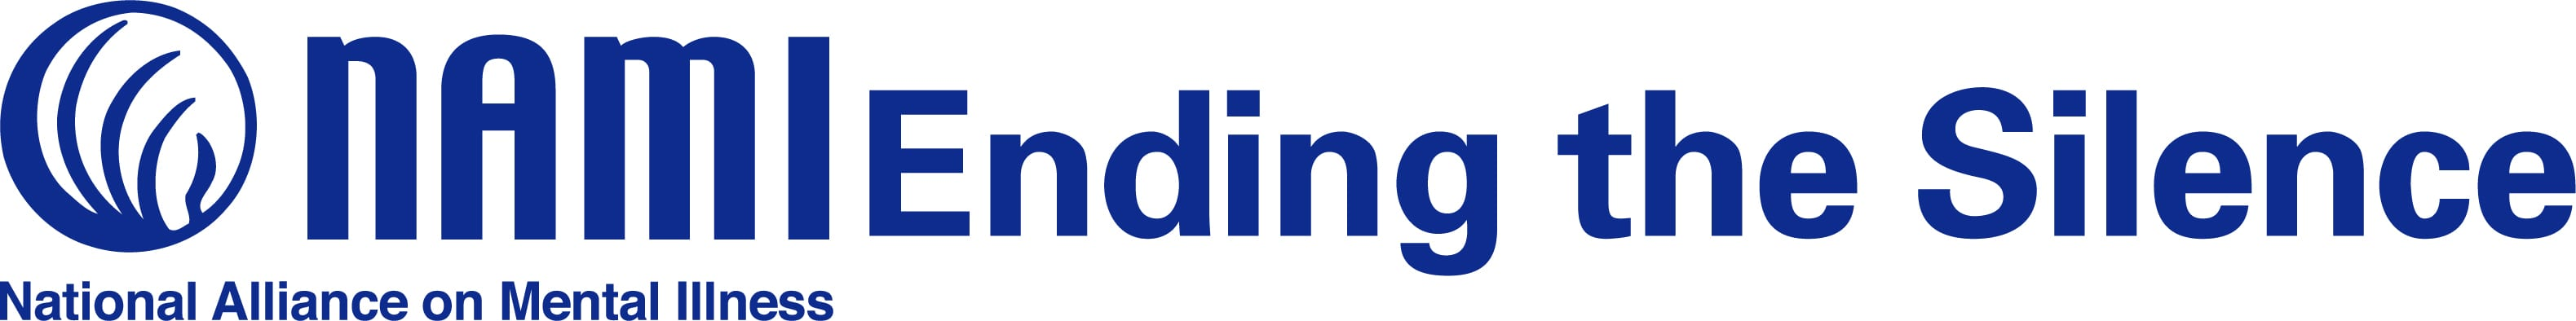 NAMI Ending the Silence logo
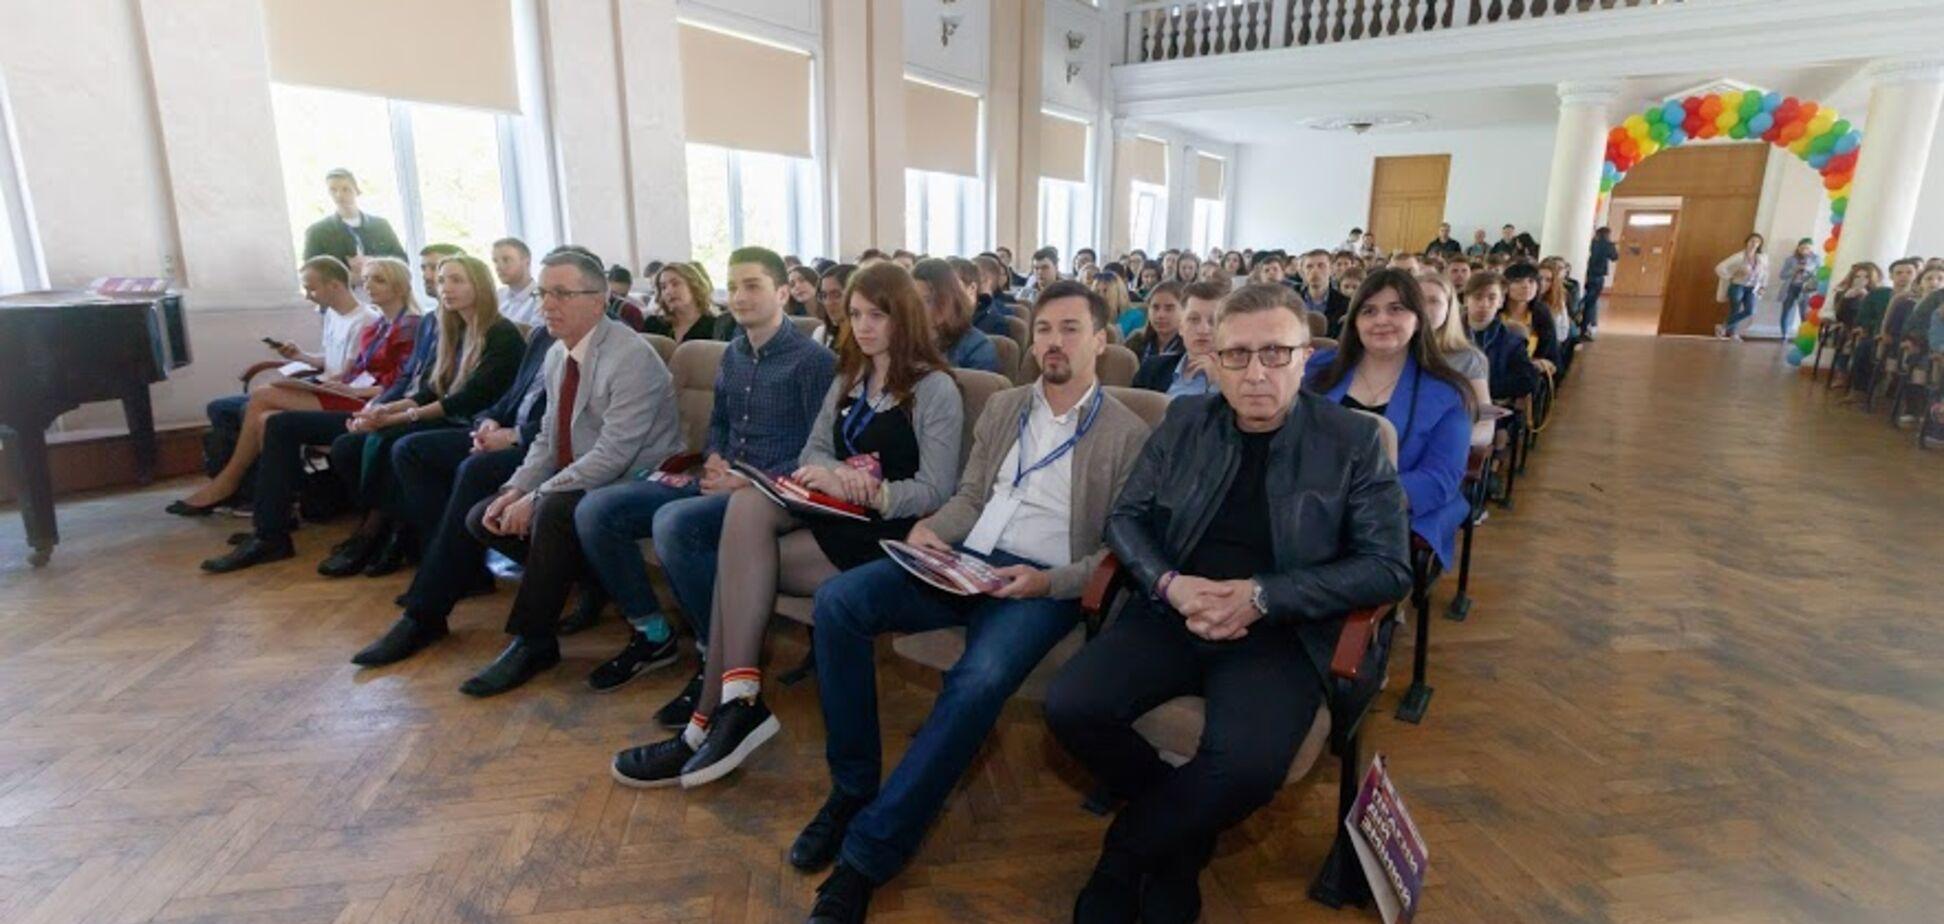 Форум 'Молодежь Днепра - 2018' собрал более полутысячи участников со всей страны
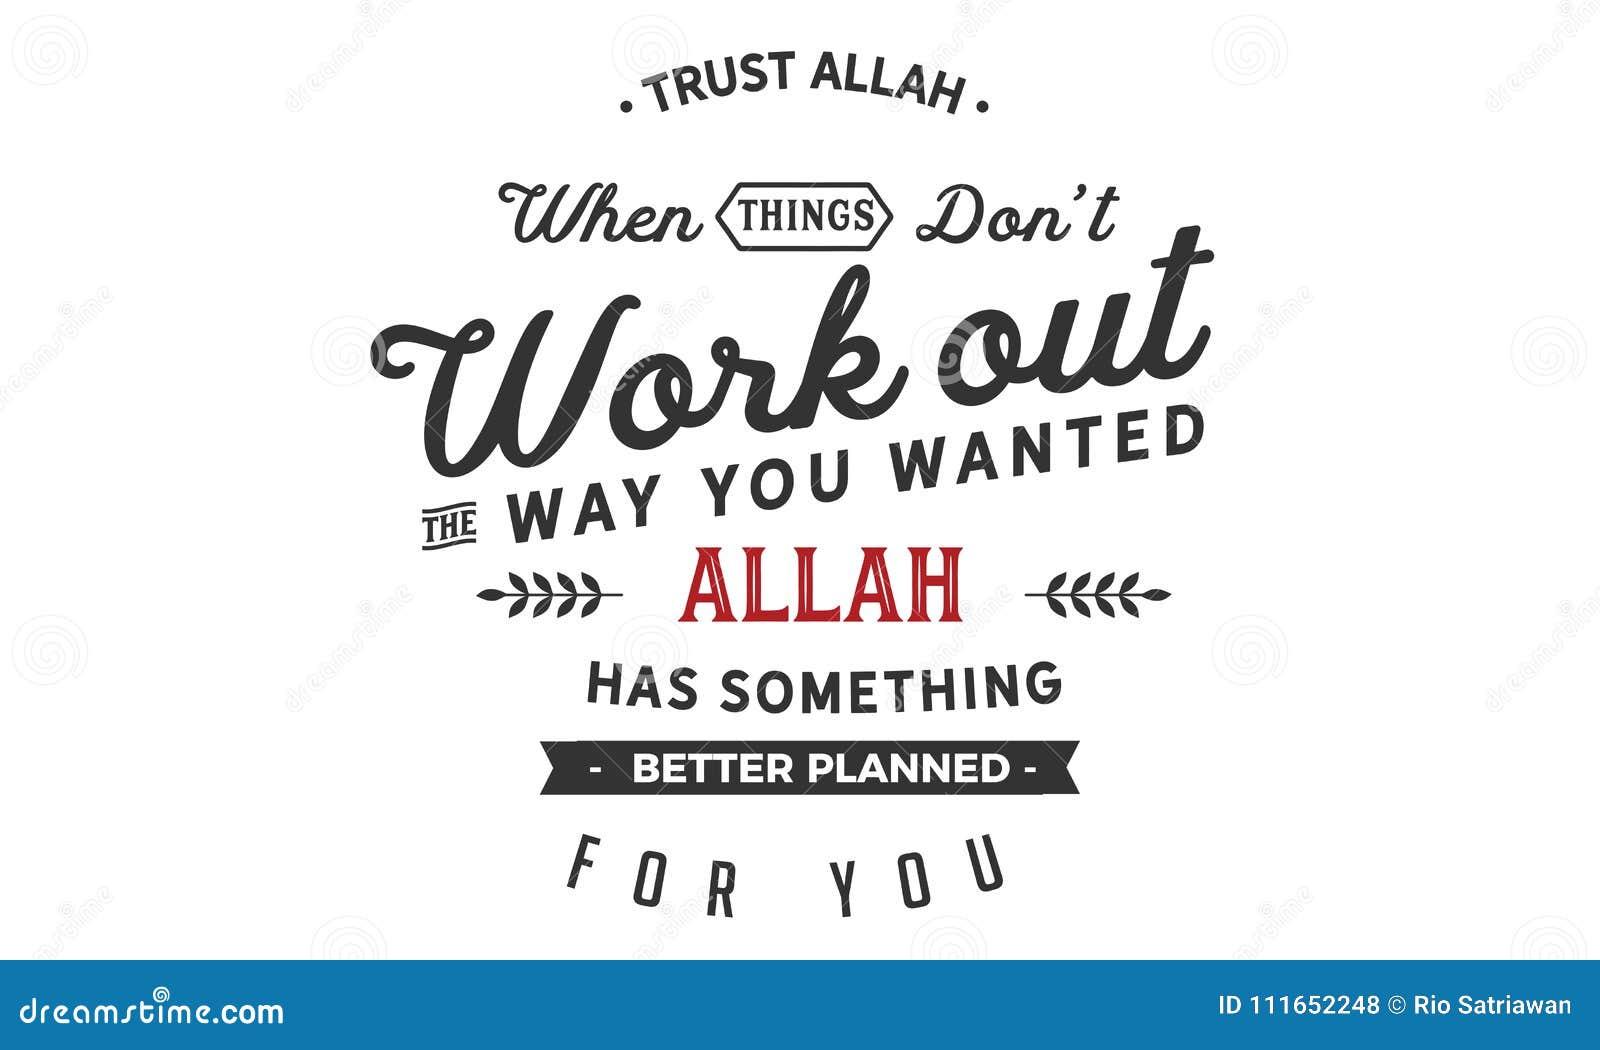 Faites confiance à Allah quand le don't de choses établissent la manière que vous avez voulue Allah a quelque chose plus bien p
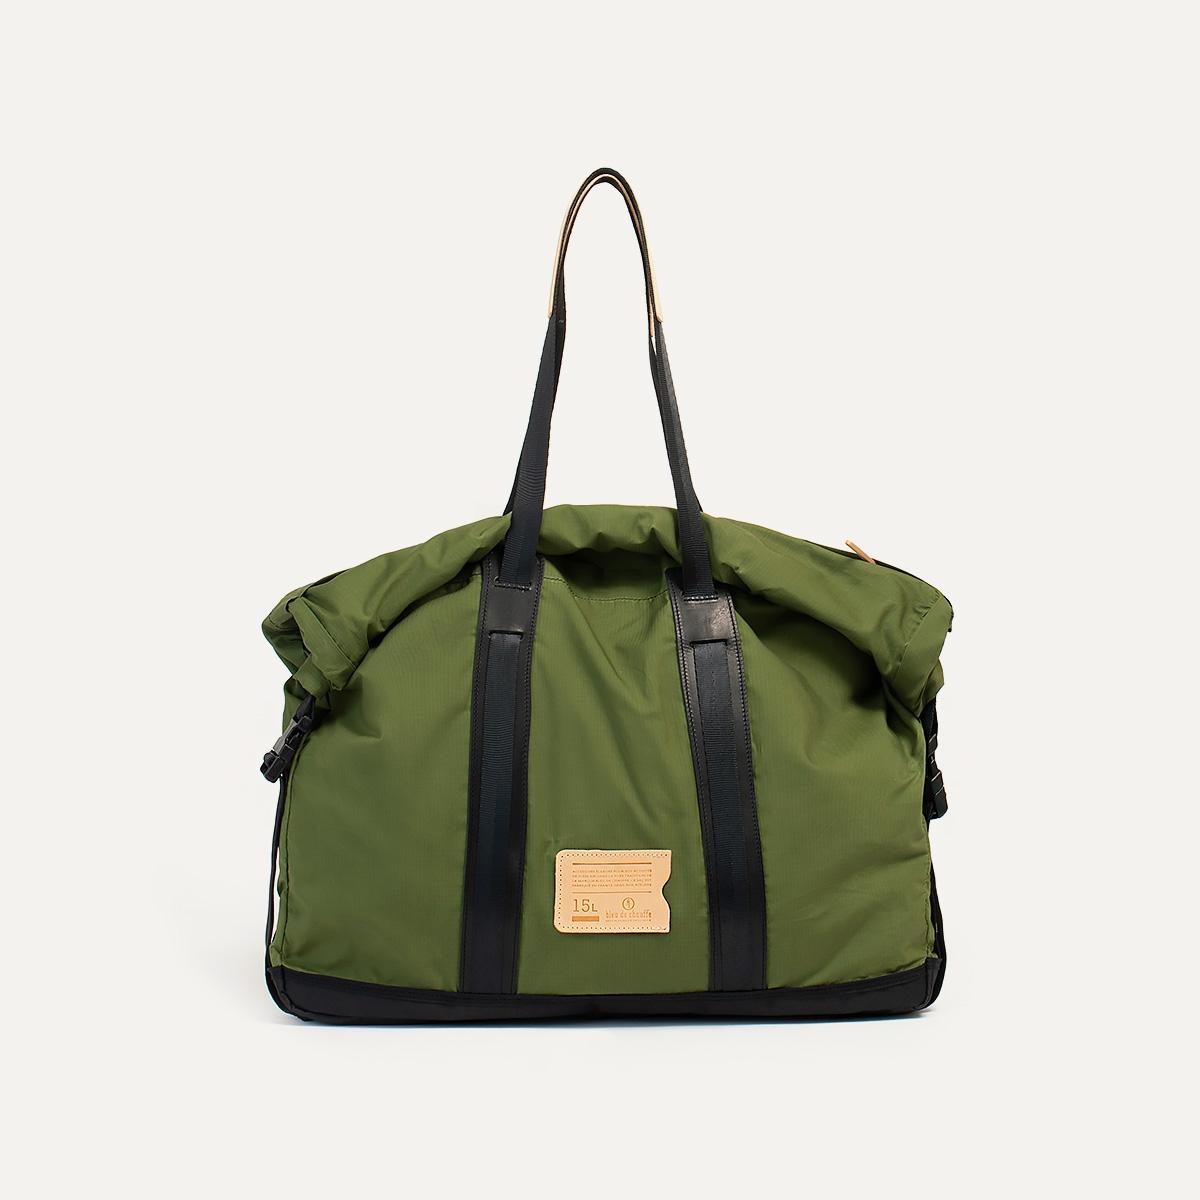 15L Barda Tote bag - Bancha Green (image n°1)
__________
• [WHAT THE TASK ASKS] From the line containing "Форум 'Молодежь Днепра" to the last line of the material, every line is to be reproduced exactly. No picture belongs in the copy.

• [SOLUTION]
 Форум 'Молодежь Днепра - 2018' собрал более полутысячи участников со всей страны
 Faites confiance à Allah quand le don't de choses établissent la manière que vous avez voulue Allah a quelque chose plus bien p
 15L Barda Tote bag - Bancha Green (image n°1)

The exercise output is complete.